Solvent Effects on the Energetics of Prolyl Peptide Bond Isomerization.
作者信息
Eberhardt Eric S, Loh Stewart N, Hinck Andrew P, Raines Ronald T
机构信息
Department of Biochemistry, University of Wisconsin-Madison, Madison, WI 53706.
出版信息
J Am Chem Soc. 1992;114(13):5437-5439. doi: 10.1021/ja00039a072.
Abstract
Racemic Ac-Gly-[β,δ-(13)C]Pro-OMe was synthesized, and the kinetics and thermodynamics of the isomerization of its prolyl peptide bond were determined in nine solvents by using NMR and IR spectroscopy.
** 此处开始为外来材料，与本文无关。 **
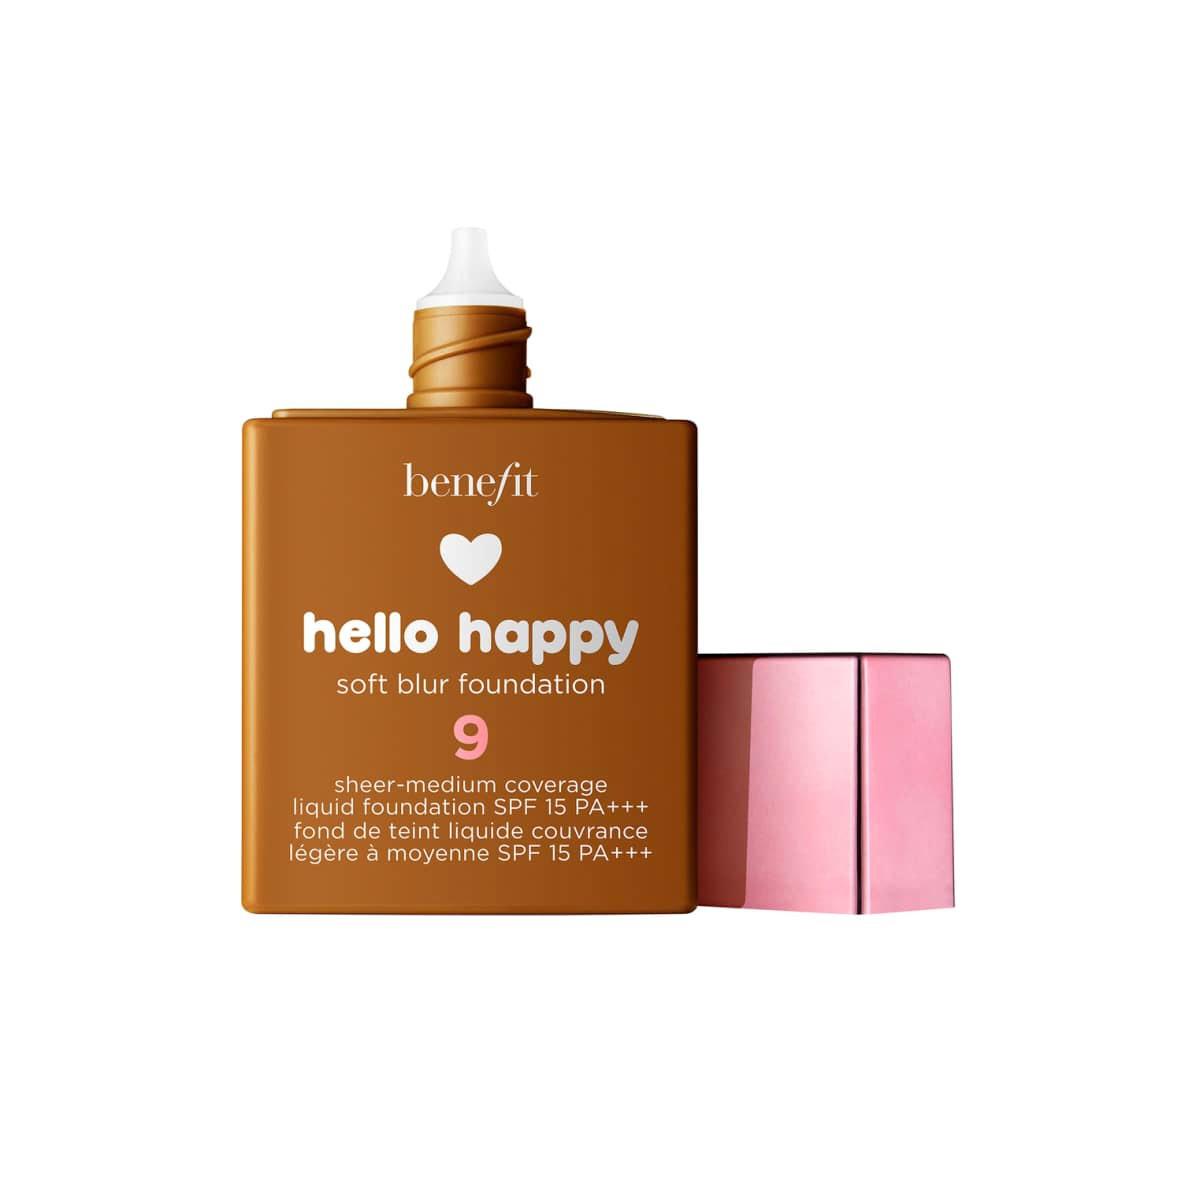 Benefit Hello Happy Soft Blur Foundation 9

The free energy of activation is 1.3 kcal/mol larger in water than in aprotic solvents, and correlates with the ability of a solvent to donate a hydrogen bond but not with solvent polarity. These results are consistent with conventional pictures of amide resonance, which require transfer of charge between oxygen and nitrogen during isomerization. Similar medium effects may modulate the stability of planar peptide bonds in the active site of peptidyl-prolyl cis-trans isomerases (PPIases) and during the folding, function, or lysis of proteins.
摘要
合成了外消旋的Ac-Gly-[β,δ-(13)C]Pro-OMe,并通过核磁共振(NMR)和红外光谱(IR)在九种溶剂中测定了其脯氨酰肽键异构化的动力学和热力学。在水中,活化自由能比在非质子溶剂中高1.3千卡/摩尔,且与溶剂提供氢键的能力相关,而与溶剂极性无关。这些结果与传统的酰胺共振图景一致,该图景要求异构化过程中氧和氮之间发生电荷转移。类似的介质效应可能会调节肽基脯氨酰顺反异构酶(PPIases)活性位点中平面肽键的稳定性,以及蛋白质折叠、功能或裂解过程中的稳定性。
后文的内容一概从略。